A servant leaves a new mother with only a written letter of notice, placing her key under the doormat as she leaves. Her exit attracts the attention of a tramp to the house. As the husband has previously phoned that he is working late, the wife decides not to ring back when she finds the note but does ring back when she sees the tramp. Her husband listens, horrified, as she documents the break-in and then the tramp cuts the line. The husband steals a car and is immediately pursued by the car's owner and the police, who nearly but don't quite manage to jump into the stolen car during a high-speed chase. The husband manages to gain a lead over the police but then accidentally strikes a man smoking in the road and checks to see that he is okay. Meanwhile, the tramp is breaking into the room where the wife has locked herself and her baby, violently thrusting himself through the wood door, carrying a large knife. At that moment the husband arrives, pursued by the police. As the husband runs towards the home, the police fire at him, panicking the hobo. He runs down the stairs, to be met by the husband at the front door. After a short struggle, he overpowers the hobo, who is then grabbed by the police. The husband runs upstairs, everything is explained, and all is forgiven as the couple embrace.

==Cast==
- Lois Weber as The Wife
- Valentine Paul as The Husband
- Douglas Gerrard as The Pursuer
- Sam Kaufman (1885–1972) as The Tramp

==Release==
Suspense was released on July 6, 1913, by the Rex Motion Picture Company.

== Reception ==
"best nickelodeon film ever made" — Russell Merritt (1941-2023)

"The threat to the woman in Suspense is explicitly sexual"

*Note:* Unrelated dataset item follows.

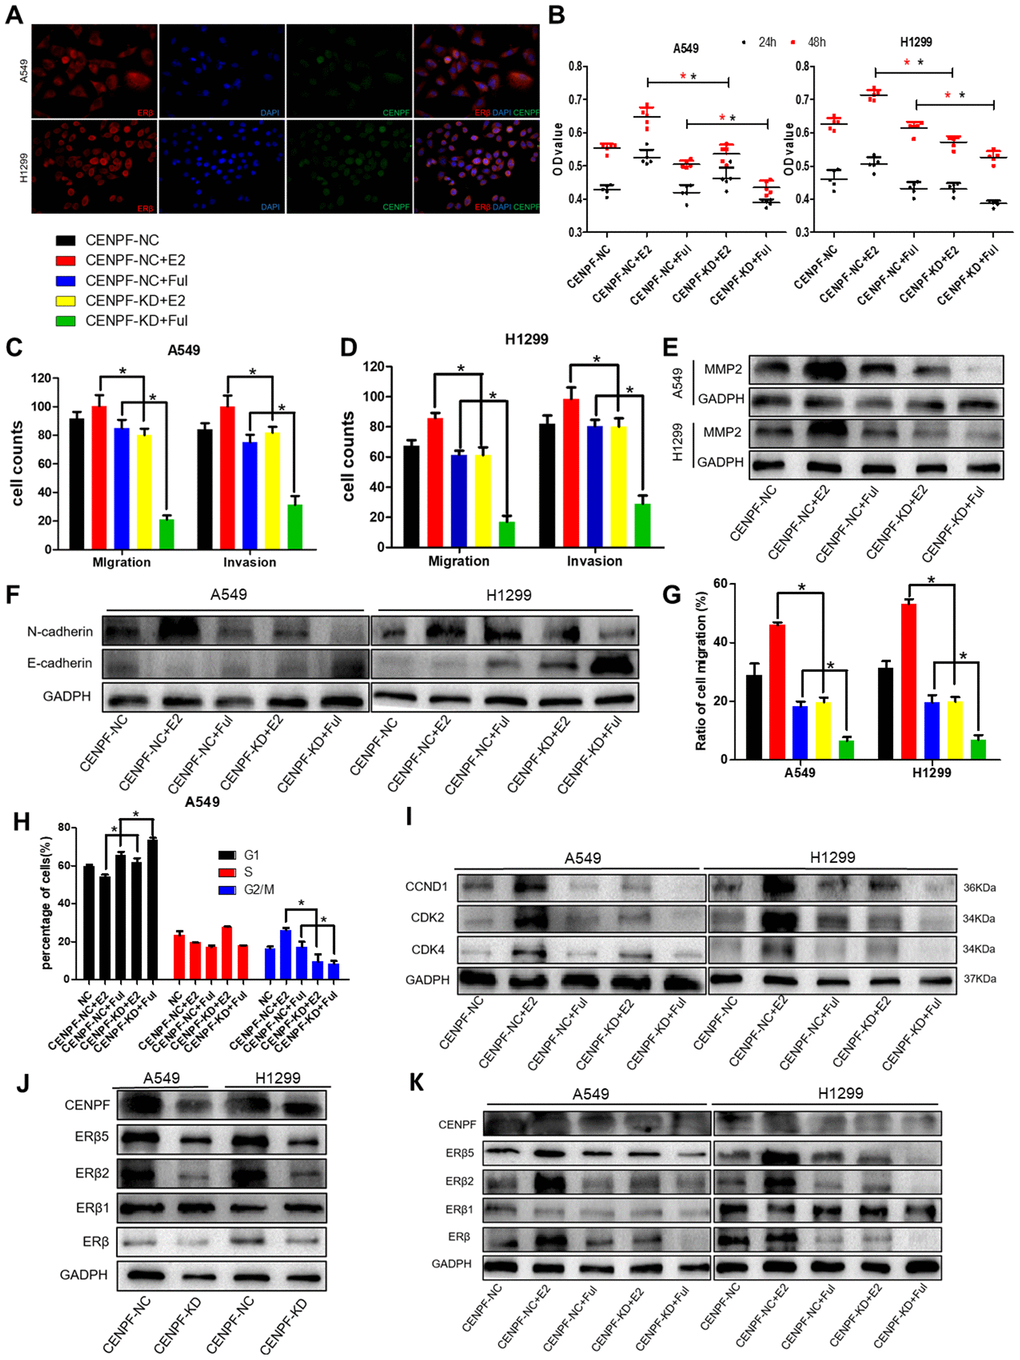 Knockdown of CENPF inhibits proliferation, invasion and migration of LUAD cells via the ERβ2/5 pathway. (A) Immunofluorescence showed the co-localization of CENPF and ERβ in A549 and H1299 cells (400 x). (B) Cell proliferation assays of different grouped cells at specific times in A549 and H1299 cells. (C, D) Corresponding quantified histograms of migration and invasion in A549 and H1299 cells. The invasion and migration of cells in CENPF-KD+E2 group were significantly reduced when compared with CENPF-NC+E2 group. (E, F) Protein expression of MMP2, N-cadherin and E-cadherin in A549 and H1299 cells (The corresponding gray value are shown in Supplementary Figure 4B–4D): The expression of MMP2 and N-cadherin were significantly decreased in CENPF-KD+E2 group when compared with CENPF-NC+E2 group. (G) Scratch experiment showed that the migration of CENPF-KD+E2 group was significantly lower than CENPF-NC+E2 group in A549 and H1299 cells (P=0.000, 0.000). (H) Corresponding quantified histograms of the A549 cells at different stages of the cell cycle (G1, S and G2/M). (I) Protein expression of CCND1, CDK2 and CDK4 in A549 and H1299 cells (The corresponding gray value are shown in Supplementary Figure 4F). *P J) Knockdown of CENPF inhibited the expression of ERβ2/5 in vitro. (The corresponding gray value are shown in Supplementary Figure 5A). (K) Protein expression of CENPF, ERβ, ERβ1, ERβ2 and ERβ5 in vitro experiment after treated with E2 and Ful treatment (The corresponding gray value are shown in Supplementary Figure 5C). *P

"The film is a sensory feast with clever use of mirrors and imaginative visual composition". — moviessilently.com

"With its stark title and startling visuals, more realistic characters, less reliance on explicit narrative and instead favoring more subtle story-telling, this bears less resemblance to its contemporaries than to the films that would later be created by Hitchcock" — Voidsville Follies —

== Legacy ==
An original print of the film is preserved at the film archive of the British Film Institute.

In 2020, it was selected for preservation in the United States National Film Registry by the Library of Congress as being "culturally, historically, or aesthetically significant".

It was released on DVD/Blu-ray in 2018 in a box set called "Pioneers: First Women Filmmakers", with a new score by composer Skylar Nam.

==Lon Chaney false assertion==
The film has been falsely asserted as Lon Chaney's earliest extant film based on a brief scene in which a similar individual appears on camera. The documentary Lon Chaney: A Thousand Faces states that his film debut occurred after his wife's suicide attempt in April 1913 and that "his earliest films were made at the first studio to open in Hollywood, Nestor Studios." Though well-known Chaney scholar Michael Blake's A Thousand Faces: Lon Chaney's Unique Artistry in Motion Pictures does note that the possibility exists of Chaney's performing in a role during a period of unemployment in 1912, it also notes that he rejoined Clarence Kolb and Max Dill's company in San Francisco, California, in September 1912. Blake specifically dismisses Chaney's appearance in Suspense in his book A Thousand Faces: Lon Chaney's Unique Artistry in Motion Pictures. Chaney website creator Jon C. Mirsalis originally attributed the appearance of the hobo who is struck by a car to Chaney but, after examining a high-resolution digital scan frame by frame, has recanted his earlier claim and now concedes that the individual is not Chaney.

The Internet Movie Database lists Lon Chaney as having an unconfirmed and uncredited brief role; however, this is disputed by silentera.com, which states "Despite attributions to the contrary, Lon Chaney does not appear in the film."